DATA TO EXAMINE section start

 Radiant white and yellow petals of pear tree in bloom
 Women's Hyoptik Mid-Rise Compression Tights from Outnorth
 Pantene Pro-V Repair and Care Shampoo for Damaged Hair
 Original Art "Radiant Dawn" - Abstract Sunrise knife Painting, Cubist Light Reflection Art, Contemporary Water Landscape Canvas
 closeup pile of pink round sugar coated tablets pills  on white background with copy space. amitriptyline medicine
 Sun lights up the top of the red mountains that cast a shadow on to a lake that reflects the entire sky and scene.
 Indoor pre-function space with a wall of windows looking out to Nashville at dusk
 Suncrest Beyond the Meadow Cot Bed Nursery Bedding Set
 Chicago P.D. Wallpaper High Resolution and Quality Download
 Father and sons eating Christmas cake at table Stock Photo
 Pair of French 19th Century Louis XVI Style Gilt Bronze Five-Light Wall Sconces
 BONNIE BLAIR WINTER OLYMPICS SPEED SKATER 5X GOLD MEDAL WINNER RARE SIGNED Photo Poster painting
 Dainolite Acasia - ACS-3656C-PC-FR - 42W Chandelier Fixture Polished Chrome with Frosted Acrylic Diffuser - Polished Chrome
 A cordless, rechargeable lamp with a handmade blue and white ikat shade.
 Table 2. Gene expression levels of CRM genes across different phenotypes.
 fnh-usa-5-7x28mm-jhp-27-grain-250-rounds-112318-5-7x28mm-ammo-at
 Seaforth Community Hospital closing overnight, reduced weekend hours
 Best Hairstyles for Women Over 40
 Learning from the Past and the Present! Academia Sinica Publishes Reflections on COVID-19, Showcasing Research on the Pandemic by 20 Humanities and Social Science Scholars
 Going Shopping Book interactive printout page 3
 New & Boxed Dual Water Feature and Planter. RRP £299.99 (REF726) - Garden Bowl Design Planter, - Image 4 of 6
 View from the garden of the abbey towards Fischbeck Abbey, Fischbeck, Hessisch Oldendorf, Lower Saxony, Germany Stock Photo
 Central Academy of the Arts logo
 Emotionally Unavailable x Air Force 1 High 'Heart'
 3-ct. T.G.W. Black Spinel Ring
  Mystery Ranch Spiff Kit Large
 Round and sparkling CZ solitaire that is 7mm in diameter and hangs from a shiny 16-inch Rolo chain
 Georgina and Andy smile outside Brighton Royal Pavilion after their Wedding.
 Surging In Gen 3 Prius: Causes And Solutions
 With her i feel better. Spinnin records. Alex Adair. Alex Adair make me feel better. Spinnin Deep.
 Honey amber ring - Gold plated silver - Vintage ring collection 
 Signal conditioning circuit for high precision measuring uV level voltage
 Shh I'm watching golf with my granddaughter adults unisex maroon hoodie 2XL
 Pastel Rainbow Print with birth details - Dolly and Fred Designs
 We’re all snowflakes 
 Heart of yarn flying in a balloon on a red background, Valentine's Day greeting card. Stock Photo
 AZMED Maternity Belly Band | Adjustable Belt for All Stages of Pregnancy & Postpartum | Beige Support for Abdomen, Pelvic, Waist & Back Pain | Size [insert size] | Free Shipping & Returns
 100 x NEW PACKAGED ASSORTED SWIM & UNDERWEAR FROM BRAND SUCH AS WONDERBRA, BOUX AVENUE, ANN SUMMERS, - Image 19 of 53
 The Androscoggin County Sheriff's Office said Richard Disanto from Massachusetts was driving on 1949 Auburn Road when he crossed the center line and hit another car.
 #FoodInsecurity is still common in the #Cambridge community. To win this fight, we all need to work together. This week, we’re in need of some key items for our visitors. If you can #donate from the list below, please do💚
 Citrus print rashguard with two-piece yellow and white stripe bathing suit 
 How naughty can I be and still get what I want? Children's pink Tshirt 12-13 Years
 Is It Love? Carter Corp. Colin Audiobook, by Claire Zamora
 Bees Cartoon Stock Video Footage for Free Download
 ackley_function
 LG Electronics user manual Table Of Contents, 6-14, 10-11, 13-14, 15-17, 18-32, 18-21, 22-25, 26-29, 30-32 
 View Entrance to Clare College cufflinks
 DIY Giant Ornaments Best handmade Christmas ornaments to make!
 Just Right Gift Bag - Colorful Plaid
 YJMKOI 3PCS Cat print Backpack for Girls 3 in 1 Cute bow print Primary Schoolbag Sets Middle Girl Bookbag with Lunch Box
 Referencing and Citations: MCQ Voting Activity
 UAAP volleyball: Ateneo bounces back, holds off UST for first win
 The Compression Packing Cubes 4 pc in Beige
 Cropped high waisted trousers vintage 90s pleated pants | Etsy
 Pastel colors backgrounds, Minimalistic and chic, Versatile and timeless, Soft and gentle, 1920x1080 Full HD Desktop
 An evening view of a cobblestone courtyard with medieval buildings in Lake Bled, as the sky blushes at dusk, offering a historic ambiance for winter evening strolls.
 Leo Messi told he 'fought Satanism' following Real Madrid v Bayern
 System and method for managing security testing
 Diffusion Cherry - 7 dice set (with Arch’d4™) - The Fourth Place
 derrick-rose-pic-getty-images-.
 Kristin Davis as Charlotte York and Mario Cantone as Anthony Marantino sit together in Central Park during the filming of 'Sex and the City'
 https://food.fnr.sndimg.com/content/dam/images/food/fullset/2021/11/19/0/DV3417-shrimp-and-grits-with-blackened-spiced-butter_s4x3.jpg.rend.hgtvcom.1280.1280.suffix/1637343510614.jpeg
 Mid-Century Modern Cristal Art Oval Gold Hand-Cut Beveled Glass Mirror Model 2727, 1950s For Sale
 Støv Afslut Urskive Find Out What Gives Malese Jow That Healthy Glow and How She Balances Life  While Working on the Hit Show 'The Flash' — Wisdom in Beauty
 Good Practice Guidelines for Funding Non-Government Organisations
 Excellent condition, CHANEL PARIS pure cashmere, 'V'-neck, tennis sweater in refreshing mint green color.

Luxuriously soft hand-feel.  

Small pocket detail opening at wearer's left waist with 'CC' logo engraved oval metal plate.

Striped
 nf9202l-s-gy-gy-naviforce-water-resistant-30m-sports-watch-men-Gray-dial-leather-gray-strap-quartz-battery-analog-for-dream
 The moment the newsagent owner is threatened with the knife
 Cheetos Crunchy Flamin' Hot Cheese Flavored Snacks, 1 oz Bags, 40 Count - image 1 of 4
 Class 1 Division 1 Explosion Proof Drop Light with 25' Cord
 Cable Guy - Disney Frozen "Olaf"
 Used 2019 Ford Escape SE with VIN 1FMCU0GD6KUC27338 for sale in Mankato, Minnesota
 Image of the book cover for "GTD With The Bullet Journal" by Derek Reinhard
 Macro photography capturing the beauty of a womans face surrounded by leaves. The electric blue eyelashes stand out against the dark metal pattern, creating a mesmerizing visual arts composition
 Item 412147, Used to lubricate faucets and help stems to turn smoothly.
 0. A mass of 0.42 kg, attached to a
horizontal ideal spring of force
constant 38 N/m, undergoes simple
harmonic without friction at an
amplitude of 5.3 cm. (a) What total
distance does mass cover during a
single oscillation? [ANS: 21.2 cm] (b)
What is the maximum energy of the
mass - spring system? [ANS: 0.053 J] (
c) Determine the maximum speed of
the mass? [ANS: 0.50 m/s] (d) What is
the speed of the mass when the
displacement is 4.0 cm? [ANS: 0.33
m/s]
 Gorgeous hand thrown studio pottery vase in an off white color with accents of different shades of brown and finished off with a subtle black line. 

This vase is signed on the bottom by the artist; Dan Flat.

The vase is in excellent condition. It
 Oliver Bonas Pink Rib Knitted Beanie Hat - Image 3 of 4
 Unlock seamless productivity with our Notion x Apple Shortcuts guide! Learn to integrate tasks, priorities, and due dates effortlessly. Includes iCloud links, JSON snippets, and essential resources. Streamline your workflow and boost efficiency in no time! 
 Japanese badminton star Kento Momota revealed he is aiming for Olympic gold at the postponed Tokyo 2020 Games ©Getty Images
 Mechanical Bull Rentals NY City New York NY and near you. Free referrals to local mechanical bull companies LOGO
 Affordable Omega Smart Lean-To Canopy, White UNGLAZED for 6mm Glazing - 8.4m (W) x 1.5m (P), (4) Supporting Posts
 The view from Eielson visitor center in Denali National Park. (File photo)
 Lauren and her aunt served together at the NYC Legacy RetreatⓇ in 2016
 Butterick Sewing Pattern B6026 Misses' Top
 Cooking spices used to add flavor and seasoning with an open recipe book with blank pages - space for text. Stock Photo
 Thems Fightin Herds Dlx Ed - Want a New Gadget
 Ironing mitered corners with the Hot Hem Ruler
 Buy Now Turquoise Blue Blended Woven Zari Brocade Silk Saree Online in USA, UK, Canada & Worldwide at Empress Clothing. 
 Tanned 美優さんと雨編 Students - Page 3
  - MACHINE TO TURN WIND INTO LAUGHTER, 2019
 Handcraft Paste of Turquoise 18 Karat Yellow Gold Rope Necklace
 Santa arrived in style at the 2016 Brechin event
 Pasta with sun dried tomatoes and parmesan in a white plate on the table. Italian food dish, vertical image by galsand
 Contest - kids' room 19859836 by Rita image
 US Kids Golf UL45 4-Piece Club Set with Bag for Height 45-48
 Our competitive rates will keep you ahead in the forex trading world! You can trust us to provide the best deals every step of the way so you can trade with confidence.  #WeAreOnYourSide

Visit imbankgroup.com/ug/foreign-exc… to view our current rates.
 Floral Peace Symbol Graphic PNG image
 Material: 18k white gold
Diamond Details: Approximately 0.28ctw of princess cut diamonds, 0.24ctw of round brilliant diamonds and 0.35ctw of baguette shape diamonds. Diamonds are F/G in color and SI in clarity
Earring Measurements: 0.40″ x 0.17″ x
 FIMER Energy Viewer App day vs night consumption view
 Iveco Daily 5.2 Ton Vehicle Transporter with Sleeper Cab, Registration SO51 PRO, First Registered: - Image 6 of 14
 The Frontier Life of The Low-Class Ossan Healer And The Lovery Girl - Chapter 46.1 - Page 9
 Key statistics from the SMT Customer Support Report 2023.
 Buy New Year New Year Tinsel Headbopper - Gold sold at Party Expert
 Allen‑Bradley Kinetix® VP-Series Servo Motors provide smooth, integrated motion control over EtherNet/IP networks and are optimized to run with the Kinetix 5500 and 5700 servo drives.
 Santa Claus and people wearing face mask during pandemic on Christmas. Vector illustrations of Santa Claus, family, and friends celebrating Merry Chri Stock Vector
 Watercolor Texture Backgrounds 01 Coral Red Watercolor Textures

DATA TO EXAMINE section end

### YOUR ASSIGNMENT
Your answer must consist solely of the lines from the top of the entries above through the line containing "Sun lights up", copied exactly, both ends included.

### EXERCISE RESULT
 Radiant white and yellow petals of pear tree in bloom
 Women's Hyoptik Mid-Rise Compression Tights from Outnorth
 Pantene Pro-V Repair and Care Shampoo for Damaged Hair
 Original Art "Radiant Dawn" - Abstract Sunrise knife Painting, Cubist Light Reflection Art, Contemporary Water Landscape Canvas
 closeup pile of pink round sugar coated tablets pills  on white background with copy space. amitriptyline medicine
 Sun lights up the top of the red mountains that cast a shadow on to a lake that reflects the entire sky and scene.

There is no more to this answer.